# THE INPUT:
^^^^^^^^
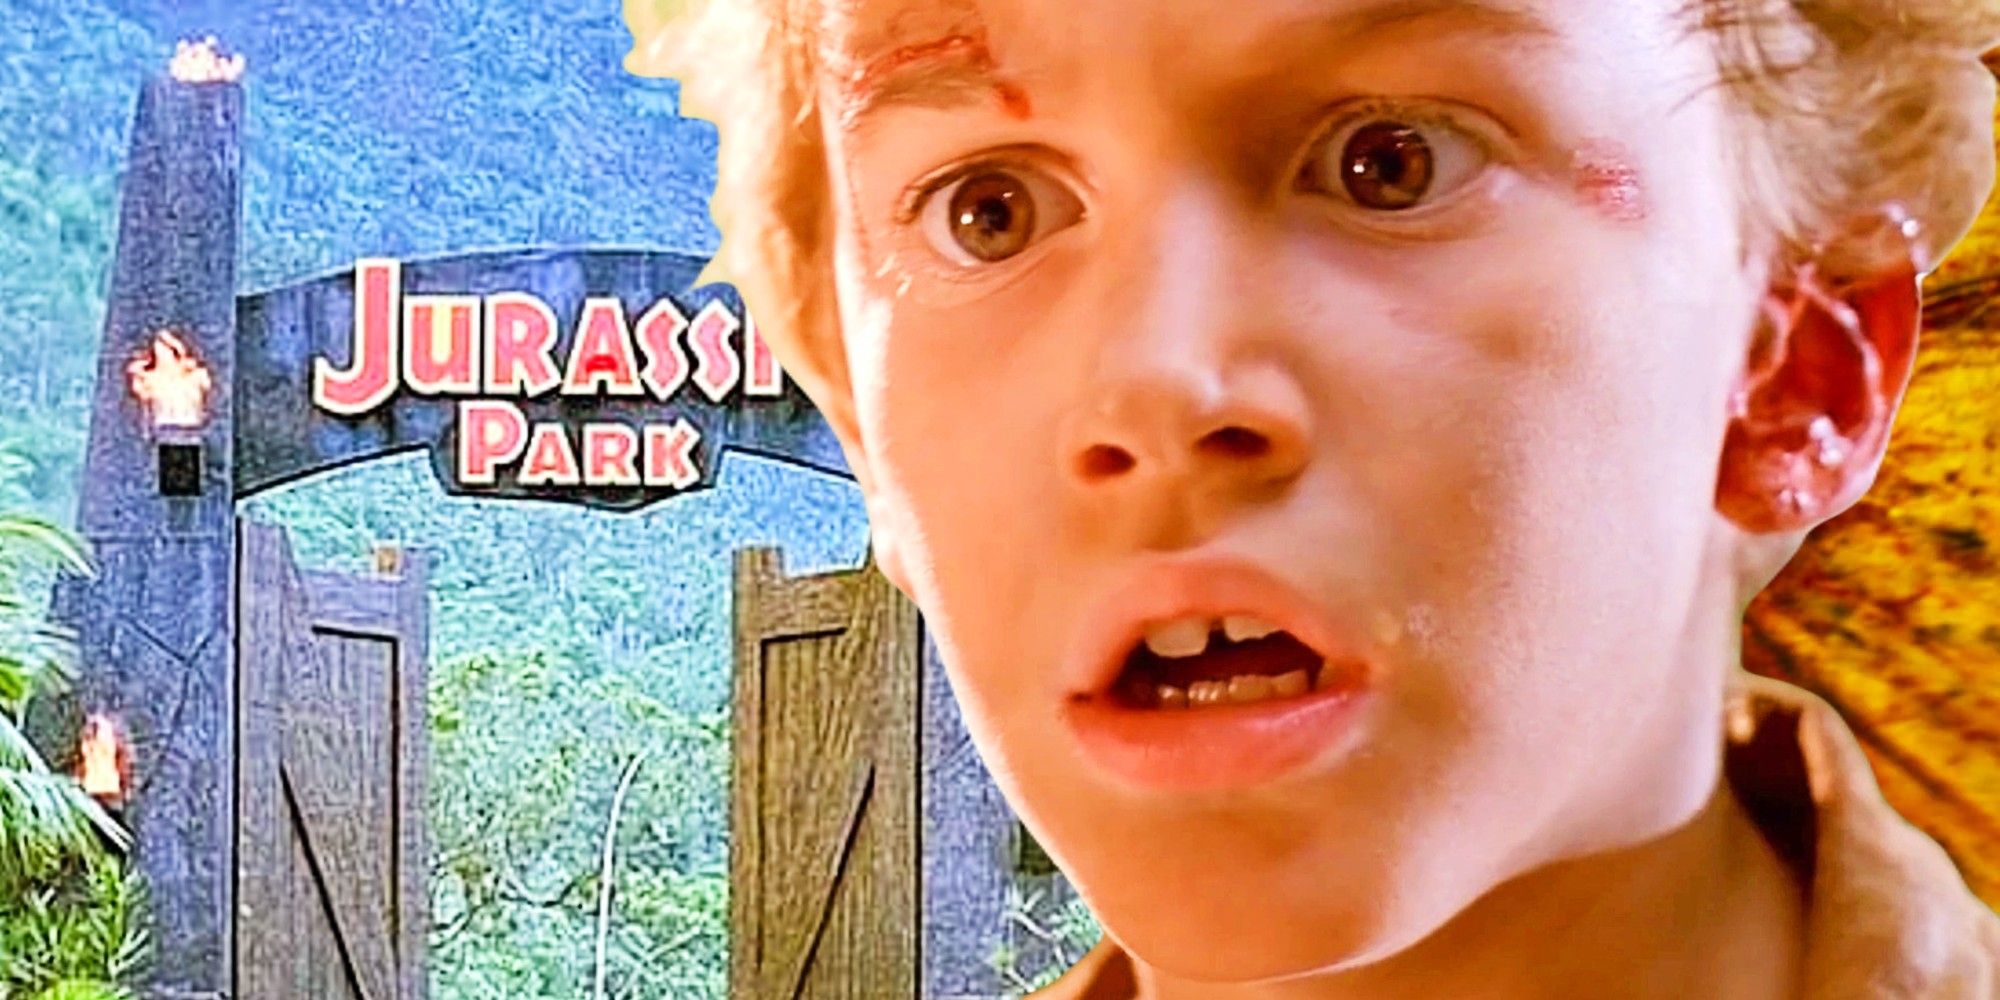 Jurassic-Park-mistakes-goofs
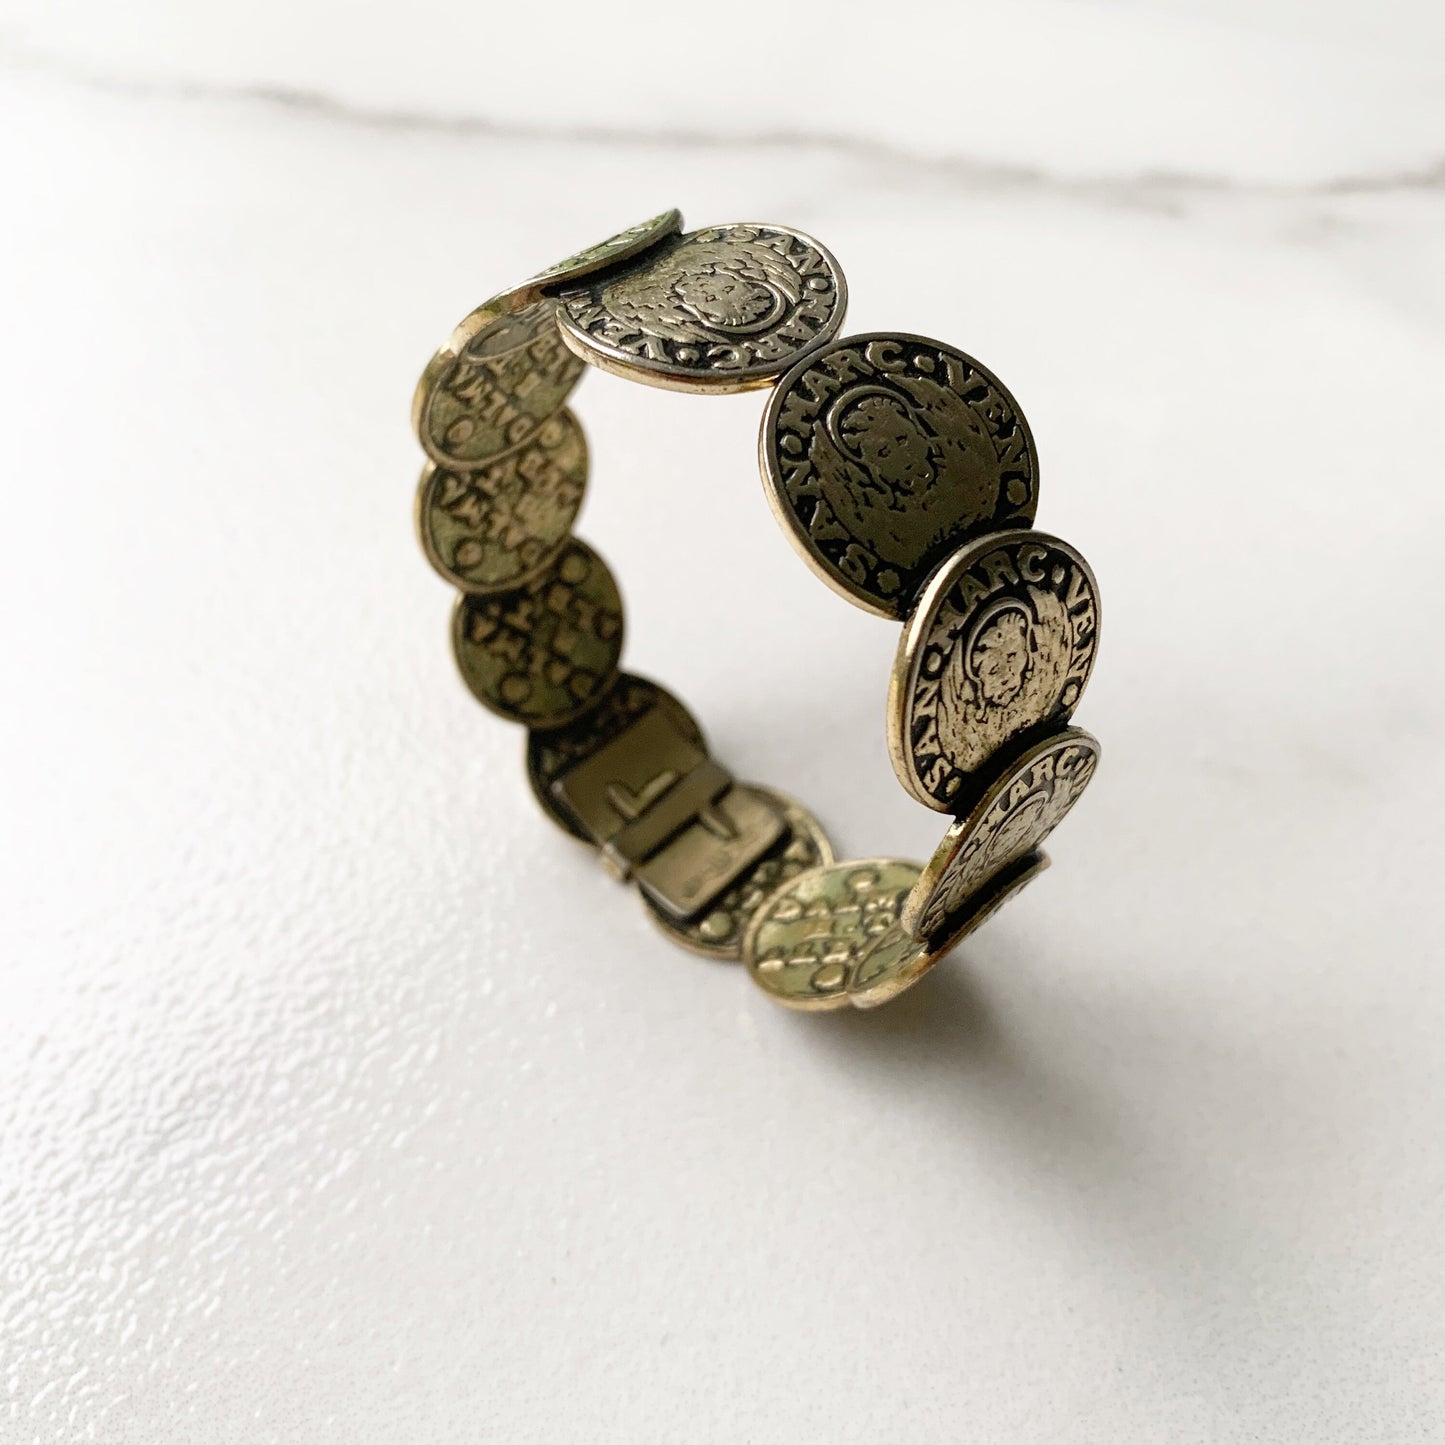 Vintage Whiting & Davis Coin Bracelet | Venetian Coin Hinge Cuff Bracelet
^^^^^^^^
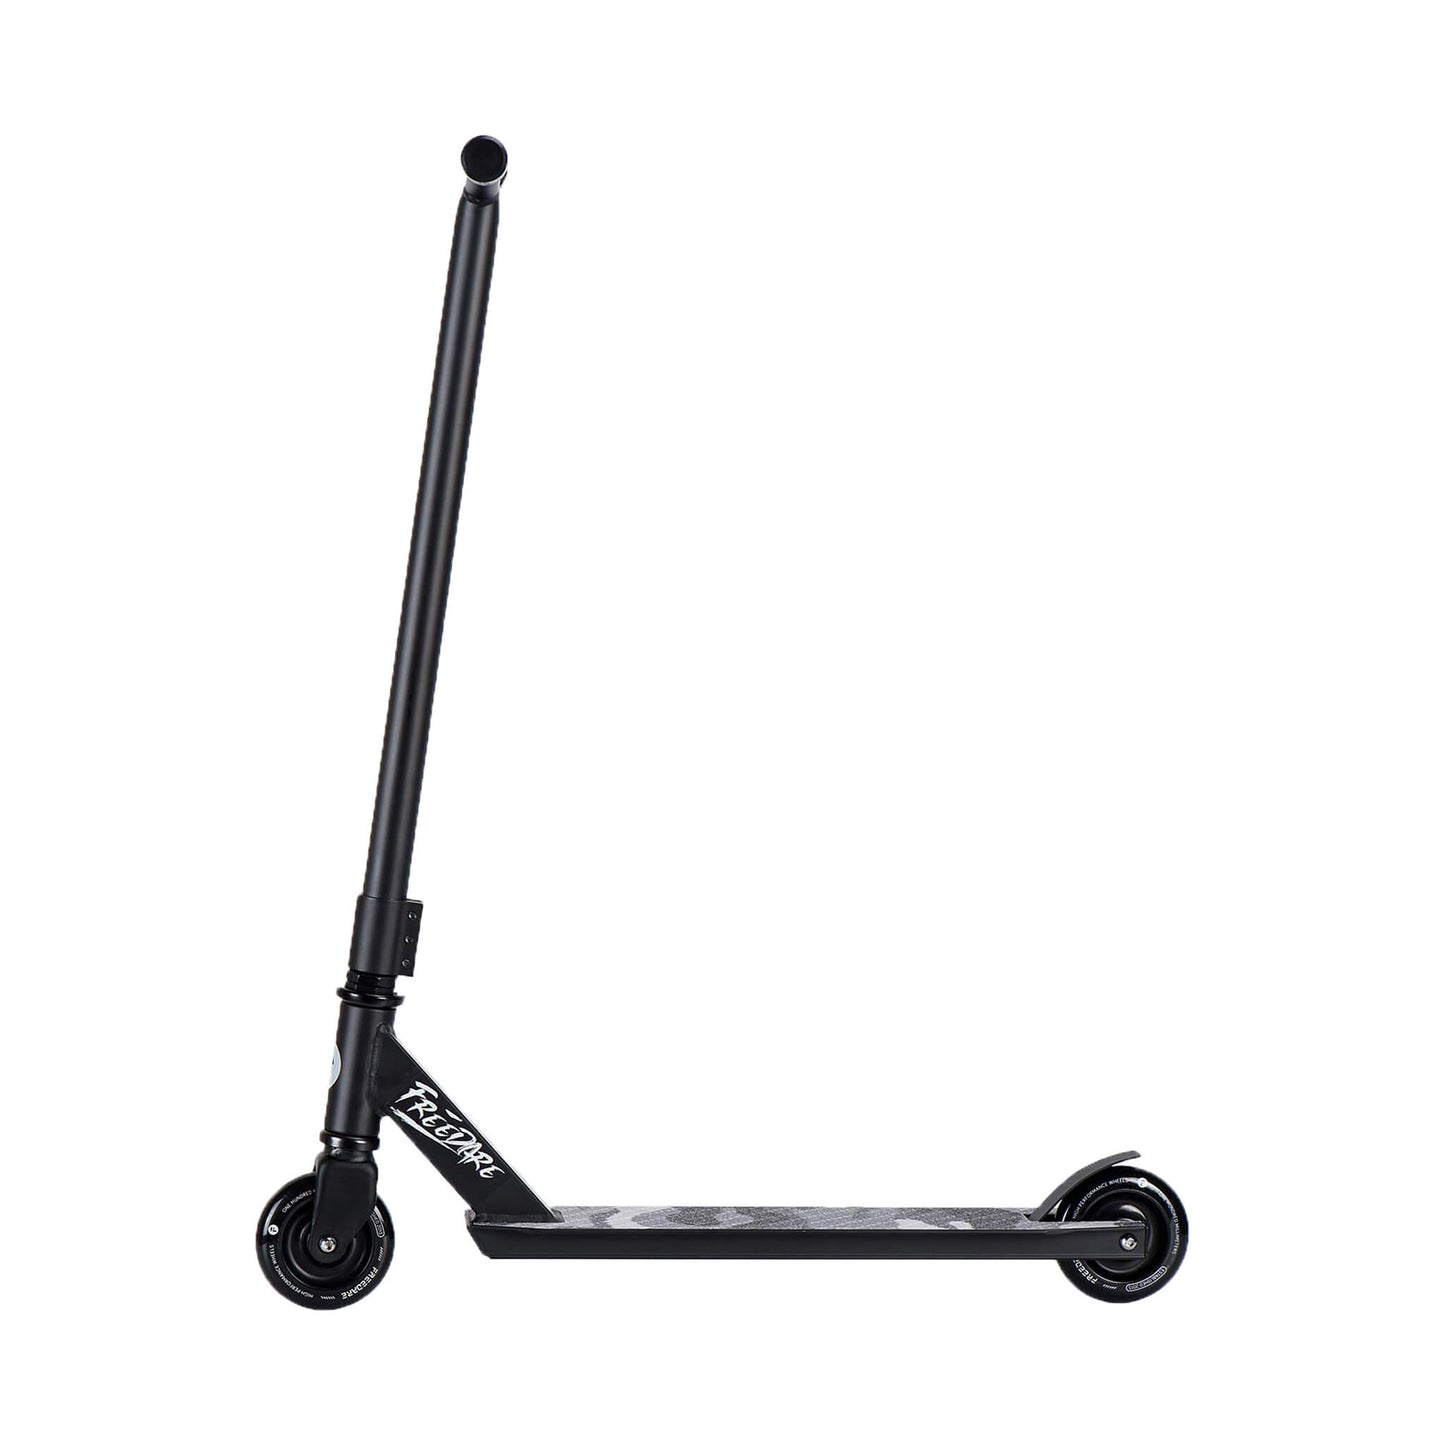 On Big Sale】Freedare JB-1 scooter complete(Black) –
^^^^^^^^
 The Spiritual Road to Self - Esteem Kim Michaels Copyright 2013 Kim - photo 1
^^^^^^^^
# DIRECTIONS:
Using the entries above, transcribe every line from the line containing "Jurassic-Park-mistakes-goofs" through the line containing "Vintage Whiting &". Do not copy pictures.

# ANSWER BELOW:
 Jurassic-Park-mistakes-goofs
 Vintage Whiting & Davis Coin Bracelet | Venetian Coin Hinge Cuff Bracelet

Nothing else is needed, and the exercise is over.